_Work item_
Could you set down every record exactly as it appears?

_Data for analysis_
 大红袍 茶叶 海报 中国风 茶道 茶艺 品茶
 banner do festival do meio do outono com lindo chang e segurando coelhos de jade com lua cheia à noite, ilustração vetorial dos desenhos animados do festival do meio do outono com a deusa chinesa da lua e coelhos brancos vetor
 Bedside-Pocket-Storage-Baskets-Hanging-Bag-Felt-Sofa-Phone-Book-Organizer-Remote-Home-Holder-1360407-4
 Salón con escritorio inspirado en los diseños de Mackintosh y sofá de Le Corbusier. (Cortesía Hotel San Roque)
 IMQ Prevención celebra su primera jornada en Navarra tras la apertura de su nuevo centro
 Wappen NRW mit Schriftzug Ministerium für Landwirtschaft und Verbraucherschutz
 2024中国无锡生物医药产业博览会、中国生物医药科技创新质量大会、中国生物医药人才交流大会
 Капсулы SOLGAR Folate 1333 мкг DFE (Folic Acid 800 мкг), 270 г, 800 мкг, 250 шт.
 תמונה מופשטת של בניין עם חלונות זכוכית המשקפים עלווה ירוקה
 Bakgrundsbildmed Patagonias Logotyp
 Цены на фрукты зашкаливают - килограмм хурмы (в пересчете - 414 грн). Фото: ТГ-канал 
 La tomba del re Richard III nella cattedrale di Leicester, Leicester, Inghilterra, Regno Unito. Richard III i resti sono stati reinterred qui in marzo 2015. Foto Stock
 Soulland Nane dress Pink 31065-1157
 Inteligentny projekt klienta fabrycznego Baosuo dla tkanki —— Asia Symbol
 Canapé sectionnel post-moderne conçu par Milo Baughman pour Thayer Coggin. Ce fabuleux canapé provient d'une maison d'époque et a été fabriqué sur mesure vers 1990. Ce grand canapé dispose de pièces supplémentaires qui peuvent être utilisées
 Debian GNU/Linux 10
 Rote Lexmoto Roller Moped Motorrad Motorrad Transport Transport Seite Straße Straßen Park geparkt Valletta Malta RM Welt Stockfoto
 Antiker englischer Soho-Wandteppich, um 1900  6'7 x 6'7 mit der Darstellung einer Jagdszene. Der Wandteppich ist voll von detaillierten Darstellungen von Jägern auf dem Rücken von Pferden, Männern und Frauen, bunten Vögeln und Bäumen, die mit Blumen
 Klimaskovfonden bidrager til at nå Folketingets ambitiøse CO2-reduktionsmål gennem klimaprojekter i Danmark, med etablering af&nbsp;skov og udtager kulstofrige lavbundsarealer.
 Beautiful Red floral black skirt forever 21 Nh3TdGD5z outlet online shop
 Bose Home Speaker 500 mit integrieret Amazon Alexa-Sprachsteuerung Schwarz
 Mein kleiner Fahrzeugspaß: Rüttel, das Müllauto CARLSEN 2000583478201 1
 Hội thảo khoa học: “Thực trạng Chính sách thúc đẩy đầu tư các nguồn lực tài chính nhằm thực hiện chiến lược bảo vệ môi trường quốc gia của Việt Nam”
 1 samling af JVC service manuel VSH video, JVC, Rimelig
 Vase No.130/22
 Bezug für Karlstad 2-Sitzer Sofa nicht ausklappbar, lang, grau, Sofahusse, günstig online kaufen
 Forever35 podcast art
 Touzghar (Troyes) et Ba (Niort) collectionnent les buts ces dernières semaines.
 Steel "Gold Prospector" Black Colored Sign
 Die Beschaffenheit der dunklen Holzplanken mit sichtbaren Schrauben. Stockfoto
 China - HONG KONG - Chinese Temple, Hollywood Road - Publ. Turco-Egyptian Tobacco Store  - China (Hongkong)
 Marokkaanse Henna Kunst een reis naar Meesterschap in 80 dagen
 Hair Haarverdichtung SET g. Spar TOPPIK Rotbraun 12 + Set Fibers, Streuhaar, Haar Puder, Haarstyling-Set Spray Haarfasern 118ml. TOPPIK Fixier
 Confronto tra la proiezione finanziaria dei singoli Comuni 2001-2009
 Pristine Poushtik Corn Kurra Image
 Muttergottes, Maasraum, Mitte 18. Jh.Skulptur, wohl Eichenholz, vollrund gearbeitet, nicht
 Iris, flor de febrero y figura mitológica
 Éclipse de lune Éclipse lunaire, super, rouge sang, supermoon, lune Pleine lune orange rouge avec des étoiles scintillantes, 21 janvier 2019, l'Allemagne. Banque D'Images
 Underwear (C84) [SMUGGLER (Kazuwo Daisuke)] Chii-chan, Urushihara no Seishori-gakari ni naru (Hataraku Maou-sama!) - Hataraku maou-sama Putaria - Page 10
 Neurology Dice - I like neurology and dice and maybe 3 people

_Solution to the problem_
 大红袍 茶叶 海报 中国风 茶道 茶艺 品茶
 banner do festival do meio do outono com lindo chang e segurando coelhos de jade com lua cheia à noite, ilustração vetorial dos desenhos animados do festival do meio do outono com a deusa chinesa da lua e coelhos brancos vetor
 Bedside-Pocket-Storage-Baskets-Hanging-Bag-Felt-Sofa-Phone-Book-Organizer-Remote-Home-Holder-1360407-4
 Salón con escritorio inspirado en los diseños de Mackintosh y sofá de Le Corbusier. (Cortesía Hotel San Roque)
 IMQ Prevención celebra su primera jornada en Navarra tras la apertura de su nuevo centro
 Wappen NRW mit Schriftzug Ministerium für Landwirtschaft und Verbraucherschutz
 2024中国无锡生物医药产业博览会、中国生物医药科技创新质量大会、中国生物医药人才交流大会
 Капсулы SOLGAR Folate 1333 мкг DFE (Folic Acid 800 мкг), 270 г, 800 мкг, 250 шт.
 תמונה מופשטת של בניין עם חלונות זכוכית המשקפים עלווה ירוקה
 Bakgrundsbildmed Patagonias Logotyp
 Цены на фрукты зашкаливают - килограмм хурмы (в пересчете - 414 грн). Фото: ТГ-канал 
 La tomba del re Richard III nella cattedrale di Leicester, Leicester, Inghilterra, Regno Unito. Richard III i resti sono stati reinterred qui in marzo 2015. Foto Stock
 Soulland Nane dress Pink 31065-1157
 Inteligentny projekt klienta fabrycznego Baosuo dla tkanki —— Asia Symbol
 Canapé sectionnel post-moderne conçu par Milo Baughman pour Thayer Coggin. Ce fabuleux canapé provient d'une maison d'époque et a été fabriqué sur mesure vers 1990. Ce grand canapé dispose de pièces supplémentaires qui peuvent être utilisées
 Debian GNU/Linux 10
 Rote Lexmoto Roller Moped Motorrad Motorrad Transport Transport Seite Straße Straßen Park geparkt Valletta Malta RM Welt Stockfoto
 Antiker englischer Soho-Wandteppich, um 1900  6'7 x 6'7 mit der Darstellung einer Jagdszene. Der Wandteppich ist voll von detaillierten Darstellungen von Jägern auf dem Rücken von Pferden, Männern und Frauen, bunten Vögeln und Bäumen, die mit Blumen
 Klimaskovfonden bidrager til at nå Folketingets ambitiøse CO2-reduktionsmål gennem klimaprojekter i Danmark, med etablering af&nbsp;skov og udtager kulstofrige lavbundsarealer.
 Beautiful Red floral black skirt forever 21 Nh3TdGD5z outlet online shop
 Bose Home Speaker 500 mit integrieret Amazon Alexa-Sprachsteuerung Schwarz
 Mein kleiner Fahrzeugspaß: Rüttel, das Müllauto CARLSEN 2000583478201 1
 Hội thảo khoa học: “Thực trạng Chính sách thúc đẩy đầu tư các nguồn lực tài chính nhằm thực hiện chiến lược bảo vệ môi trường quốc gia của Việt Nam”
 1 samling af JVC service manuel VSH video, JVC, Rimelig
 Vase No.130/22
 Bezug für Karlstad 2-Sitzer Sofa nicht ausklappbar, lang, grau, Sofahusse, günstig online kaufen
 Forever35 podcast art
 Touzghar (Troyes) et Ba (Niort) collectionnent les buts ces dernières semaines.
 Steel "Gold Prospector" Black Colored Sign
 Die Beschaffenheit der dunklen Holzplanken mit sichtbaren Schrauben. Stockfoto
 China - HONG KONG - Chinese Temple, Hollywood Road - Publ. Turco-Egyptian Tobacco Store  - China (Hongkong)
 Marokkaanse Henna Kunst een reis naar Meesterschap in 80 dagen
 Hair Haarverdichtung SET g. Spar TOPPIK Rotbraun 12 + Set Fibers, Streuhaar, Haar Puder, Haarstyling-Set Spray Haarfasern 118ml. TOPPIK Fixier
 Confronto tra la proiezione finanziaria dei singoli Comuni 2001-2009
 Pristine Poushtik Corn Kurra Image
 Muttergottes, Maasraum, Mitte 18. Jh.Skulptur, wohl Eichenholz, vollrund gearbeitet, nicht
 Iris, flor de febrero y figura mitológica
 Éclipse de lune Éclipse lunaire, super, rouge sang, supermoon, lune Pleine lune orange rouge avec des étoiles scintillantes, 21 janvier 2019, l'Allemagne. Banque D'Images
 Underwear (C84) [SMUGGLER (Kazuwo Daisuke)] Chii-chan, Urushihara no Seishori-gakari ni naru (Hataraku Maou-sama!) - Hataraku maou-sama Putaria - Page 10
 Neurology Dice - I like neurology and dice and maybe 3 people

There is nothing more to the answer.